> [Task requirements]: Retype the listing exactly; omit pictures.

> [Information shown]:
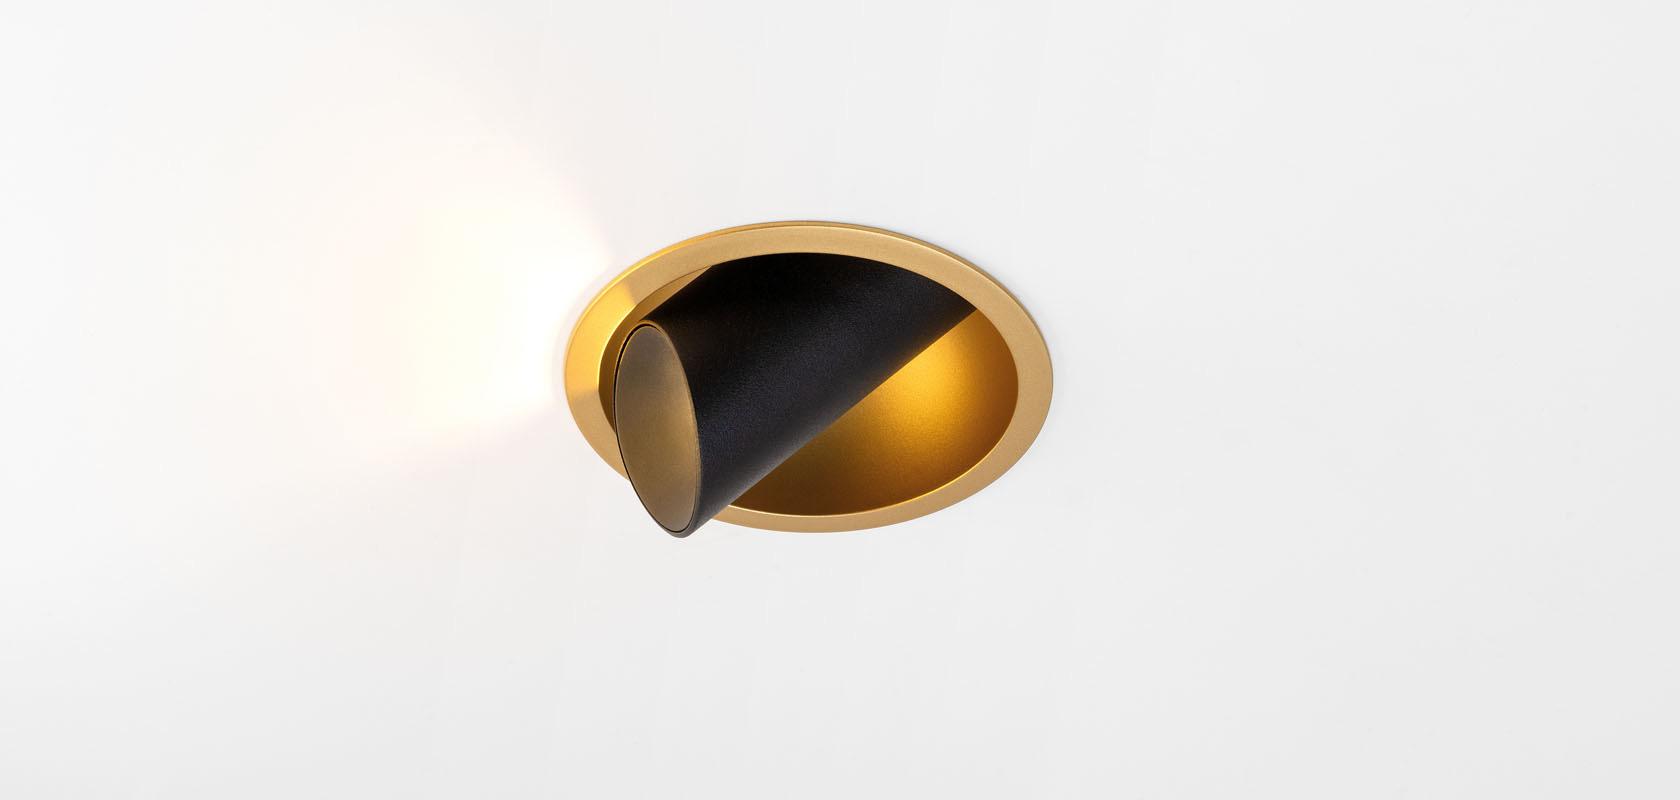 Süvisvalgusti Hollow LED 8,5W 351/474lm 350/500mA 3000K 30° läätsega, suunatav h360° v90°, must/kuldne
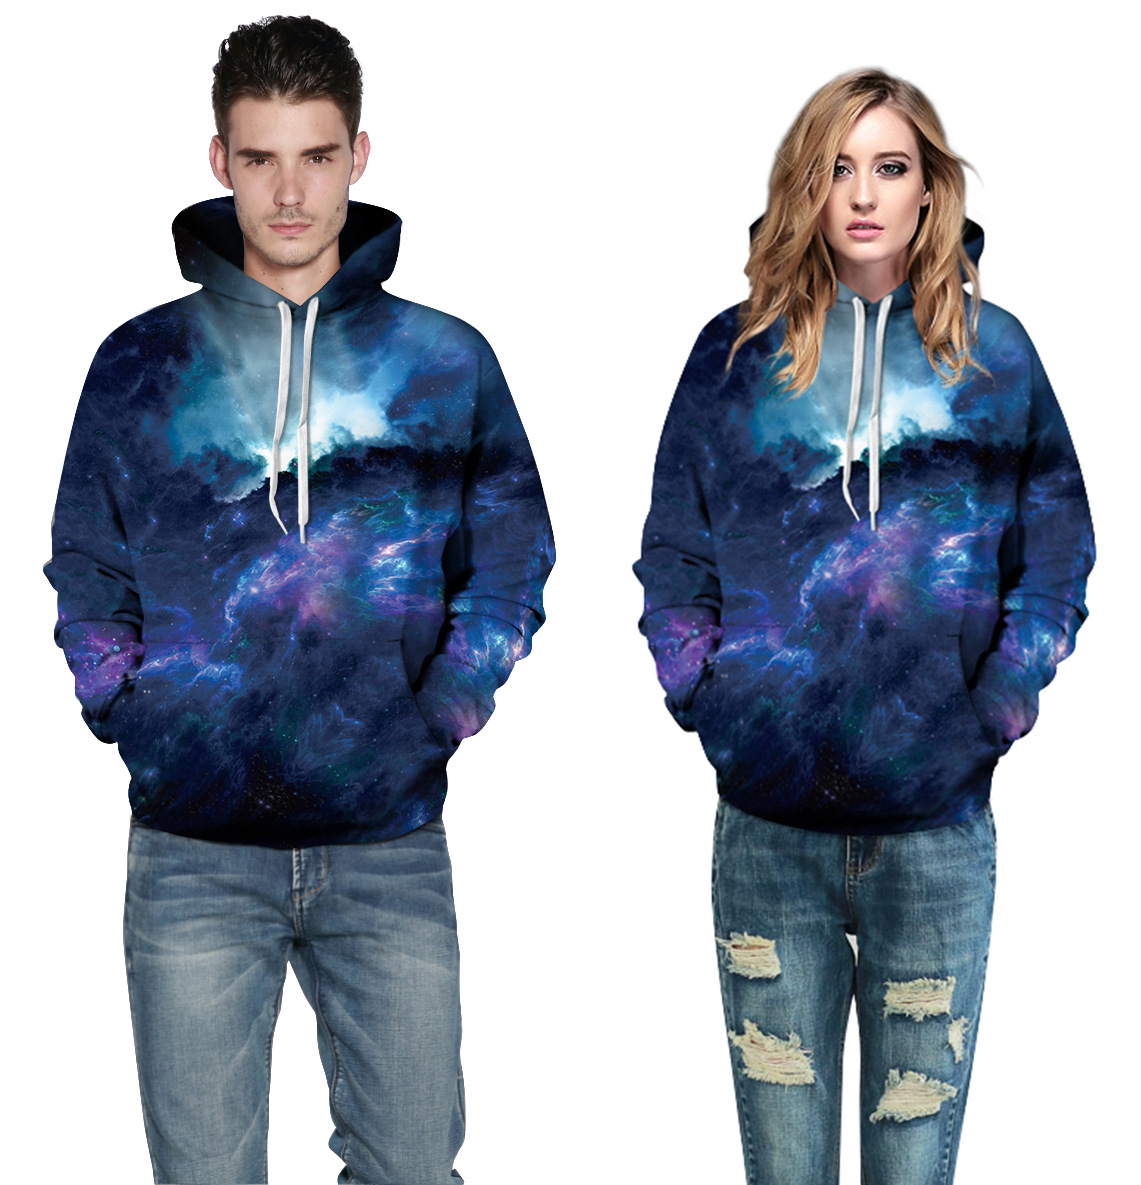 Angemessen Neue Stil Kreative Digitale Druck Männer Und Frauen Sweatshirt Starry Sky Muster Druck Pullover Lose Große Größe Casual Wear
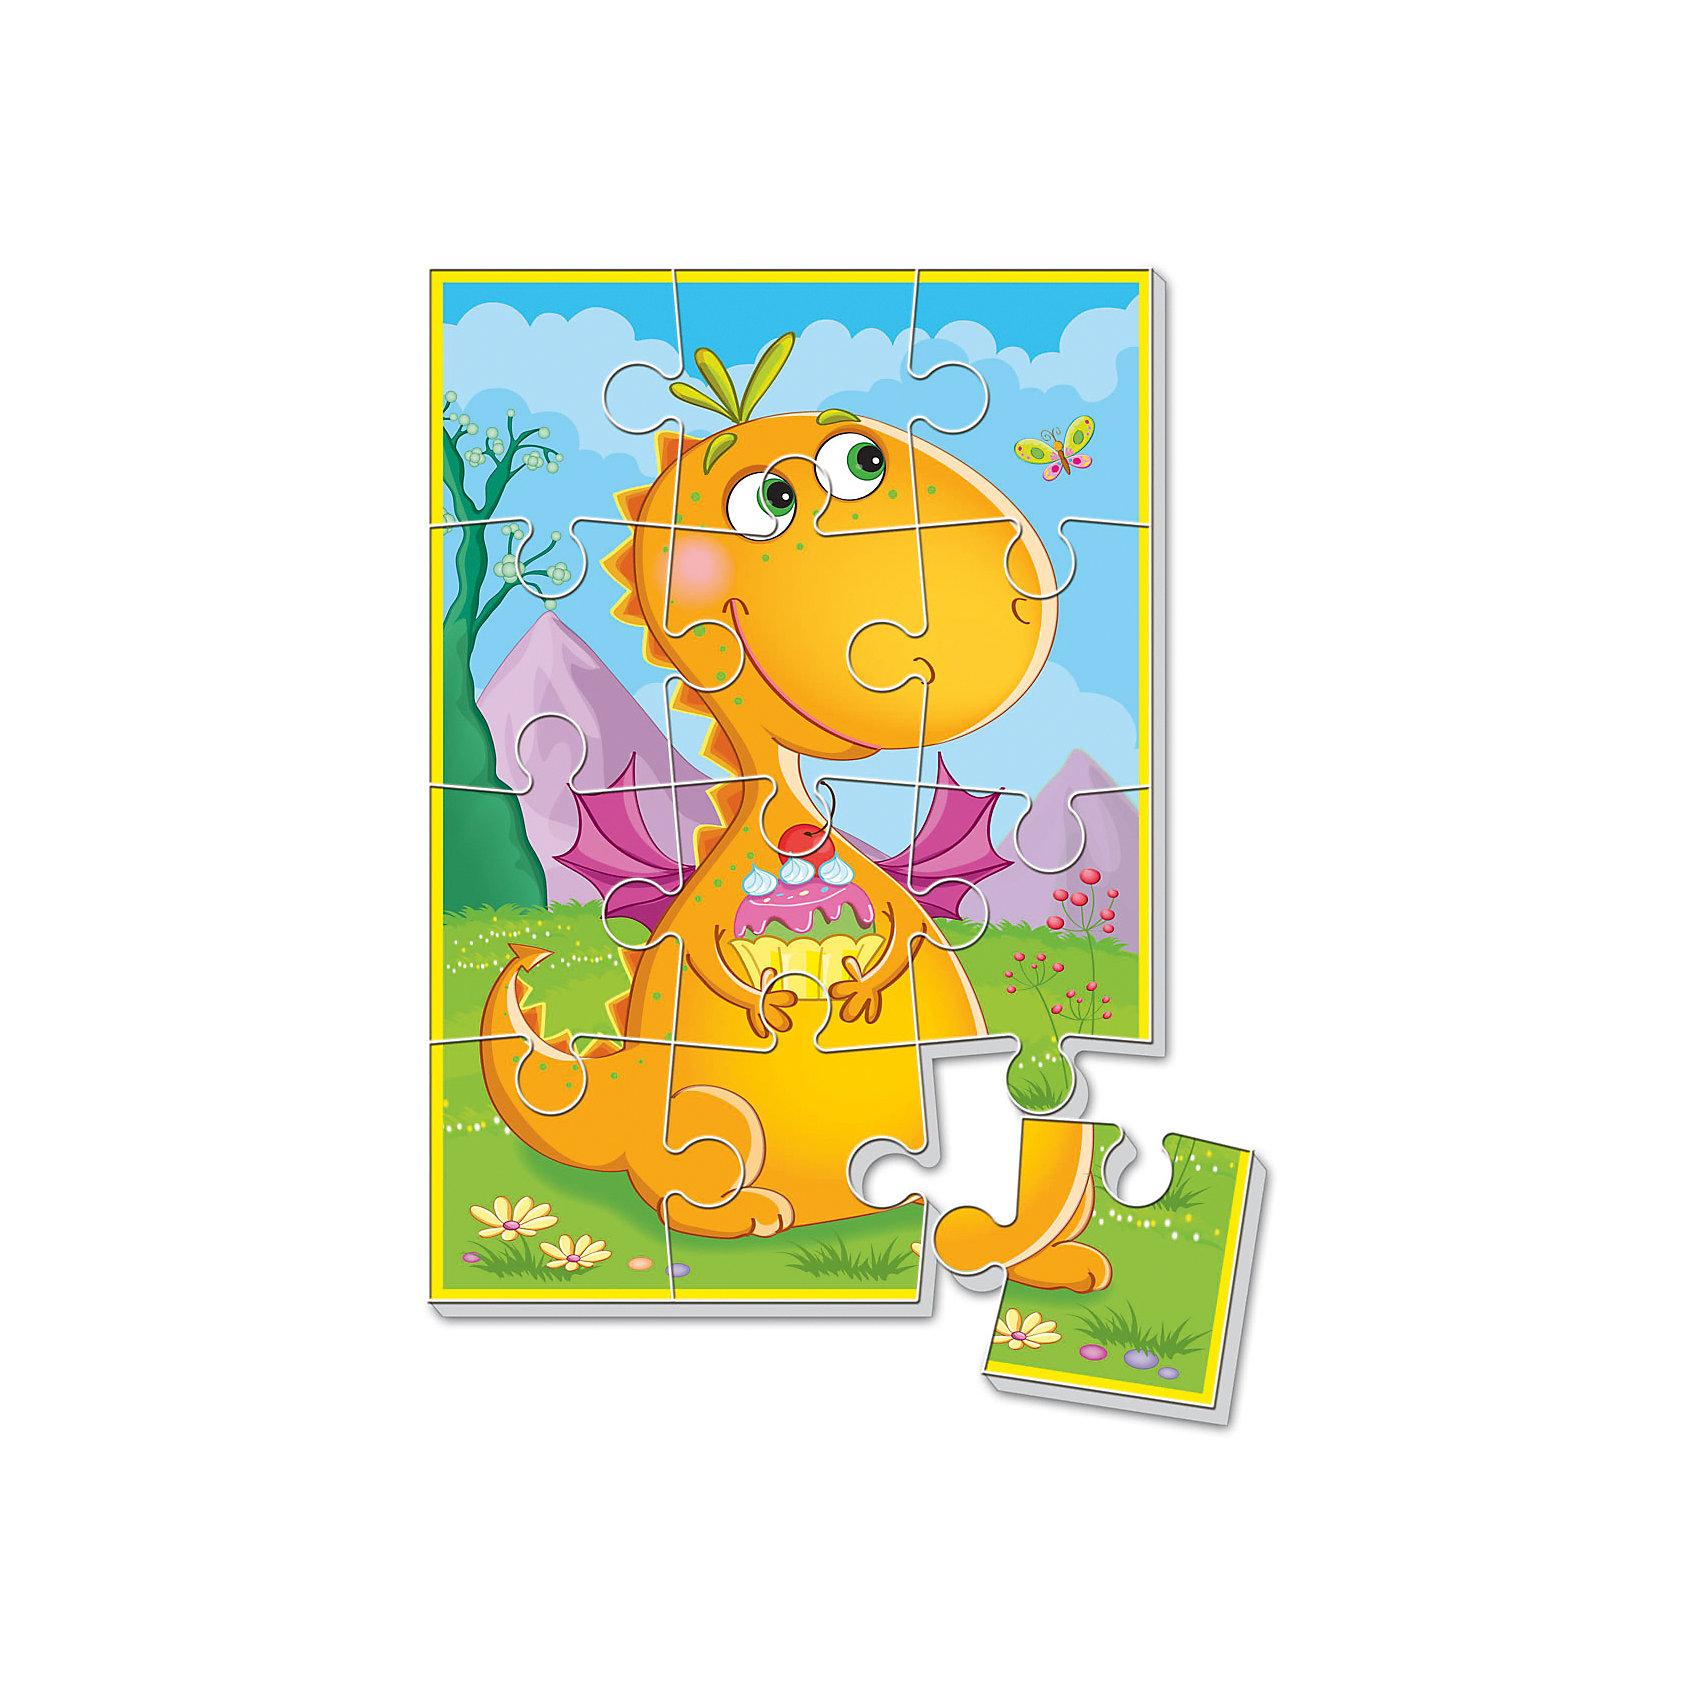 Мягкие пазлы А5 Динозаврик с пирожным, Динозаврики, Vladi ToysМягкие пазлы<br>Характеристики:<br><br>• Вид игр: развивающие<br>• Серия: пазлы-картинки<br>• Пол: универсальный<br>• Материал: полимер, картон<br>• Цвет: оранжевый, розовый, голубой, зеленый, сиреневый и др.<br>• Комплектация: 1 пазл из 12-ти элементов<br>• Размеры (Д*Ш*В): 18*4*28,5 см<br>• Тип упаковки: картонная коробка<br>• Вес: 21 г<br><br>Мягкие пазлы А5 Динозаврик с пирожным, Динозаврики, Vladi Toys, производителем которых является компания, специализирующаяся на выпуске развивающих игр, давно уже стали популярными среди аналогичной продукции. Мягкие пазлы – идеальное решение для развивающих занятий с самыми маленькими детьми, так как они разделены на большие элементы с крупными изображениями, чаще всего в качестве картинок используются герои популярных мультсериалов. Самое важное в пазле для малышей – это минимум деталей и безопасность элементов. Все используемые в производстве материалы являются экологически безопасными, не вызывают аллергии, не имеют запаха. Пазл Динозаврик с пирожным, Динозаврики, Vladi Toys, представляет собой сюжетную картинку размером А5, которая состоит из 12-и крупных элементов с изображением милого динозаврика. <br>Занятия с мягкими пазлами от Vladi Toys способствуют развитию не только мелкой моторики, но и внимательности, усидчивости, терпению при достижении цели. Кроме того, по собранной картинке можно составлять рассказ, что позволит развивать речевые навыки, память и воображение.<br><br>Мягкие пазлы А5 Динозаврик с пирожным, Динозаврики, Vladi Toys, можно купить в нашем интернет-магазине.<br><br>Ширина мм: 180<br>Глубина мм: 4<br>Высота мм: 285<br>Вес г: 21<br>Возраст от месяцев: 24<br>Возраст до месяцев: 60<br>Пол: Унисекс<br>Возраст: Детский<br>SKU: 5136077
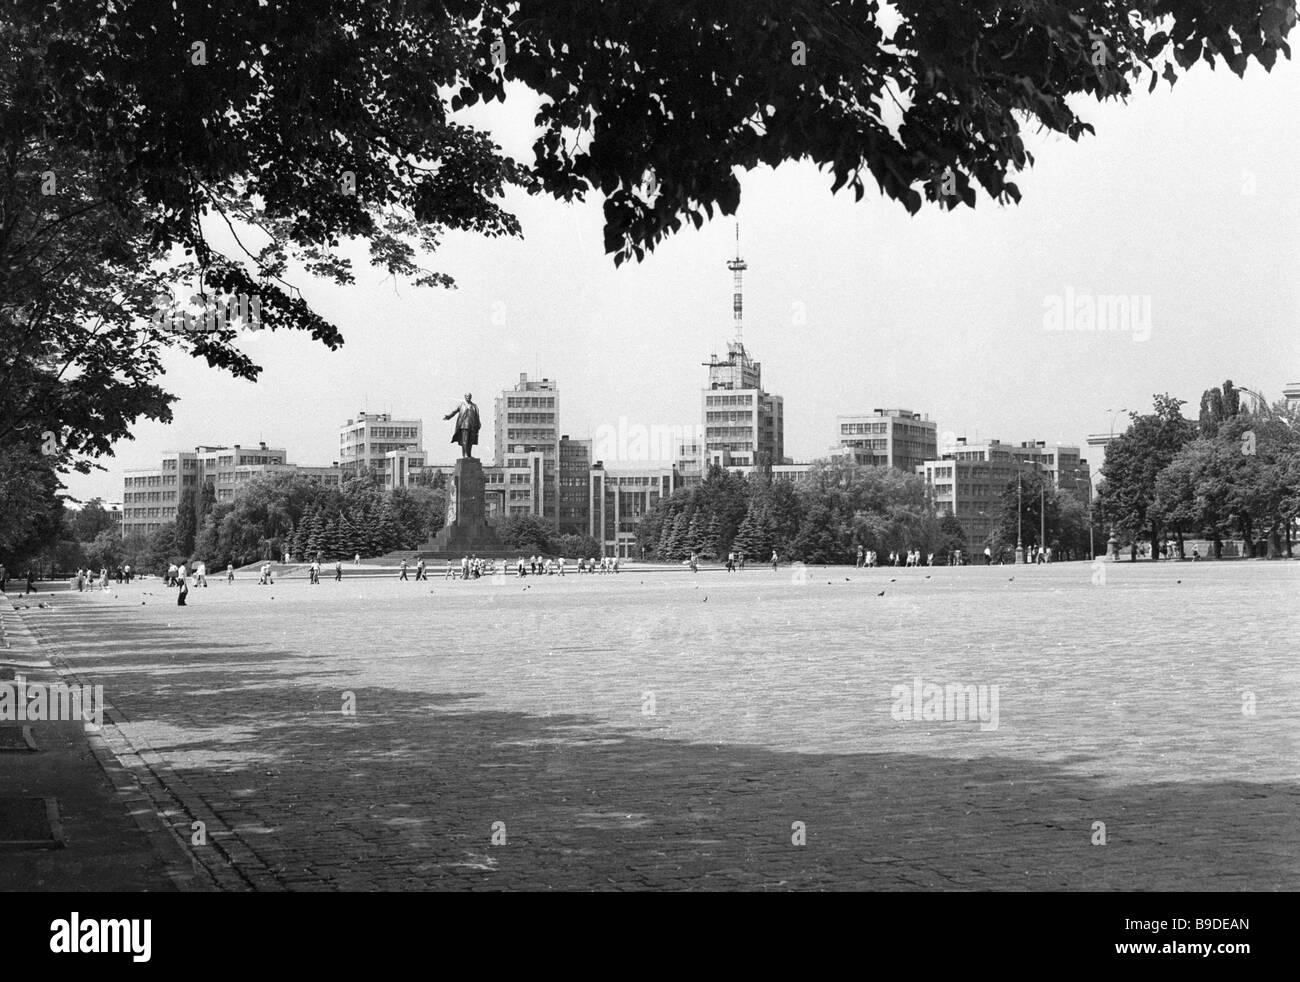 Dzerzhinsky Square in Kharkov - Stock Image

> [Answer for the task]:
 Süvisvalgusti Hollow LED 8,5W 351/474lm 350/500mA 3000K 30° läätsega, suunatav h360° v90°, must/kuldne
 Angemessen Neue Stil Kreative Digitale Druck Männer Und Frauen Sweatshirt Starry Sky Muster Druck Pullover Lose Große Größe Casual Wear
 Мягкие пазлы А5 Динозаврик с пирожным, Динозаврики, Vladi ToysМягкие пазлы<br>Характеристики:<br><br>• Вид игр: развивающие<br>• Серия: пазлы-картинки<br>• Пол: универсальный<br>• Материал: полимер, картон<br>• Цвет: оранжевый, розовый, голубой, зеленый, сиреневый и др.<br>• Комплектация: 1 пазл из 12-ти элементов<br>• Размеры (Д*Ш*В): 18*4*28,5 см<br>• Тип упаковки: картонная коробка<br>• Вес: 21 г<br><br>Мягкие пазлы А5 Динозаврик с пирожным, Динозаврики, Vladi Toys, производителем которых является компания, специализирующаяся на выпуске развивающих игр, давно уже стали популярными среди аналогичной продукции. Мягкие пазлы – идеальное решение для развивающих занятий с самыми маленькими детьми, так как они разделены на большие элементы с крупными изображениями, чаще всего в качестве картинок используются герои популярных мультсериалов. Самое важное в пазле для малышей – это минимум деталей и безопасность элементов. Все используемые в производстве материалы являются экологически безопасными, не вызывают аллергии, не имеют запаха. Пазл Динозаврик с пирожным, Динозаврики, Vladi Toys, представляет собой сюжетную картинку размером А5, которая состоит из 12-и крупных элементов с изображением милого динозаврика. <br>Занятия с мягкими пазлами от Vladi Toys способствуют развитию не только мелкой моторики, но и внимательности, усидчивости, терпению при достижении цели. Кроме того, по собранной картинке можно составлять рассказ, что позволит развивать речевые навыки, память и воображение.<br><br>Мягкие пазлы А5 Динозаврик с пирожным, Динозаврики, Vladi Toys, можно купить в нашем интернет-магазине.<br><br>Ширина мм: 180<br>Глубина мм: 4<br>Высота мм: 285<br>Вес г: 21<br>Возраст от месяцев: 24<br>Возраст до месяцев: 60<br>Пол: Унисекс<br>Возраст: Детский<br>SKU: 5136077
 Dzerzhinsky Square in Kharkov - Stock Image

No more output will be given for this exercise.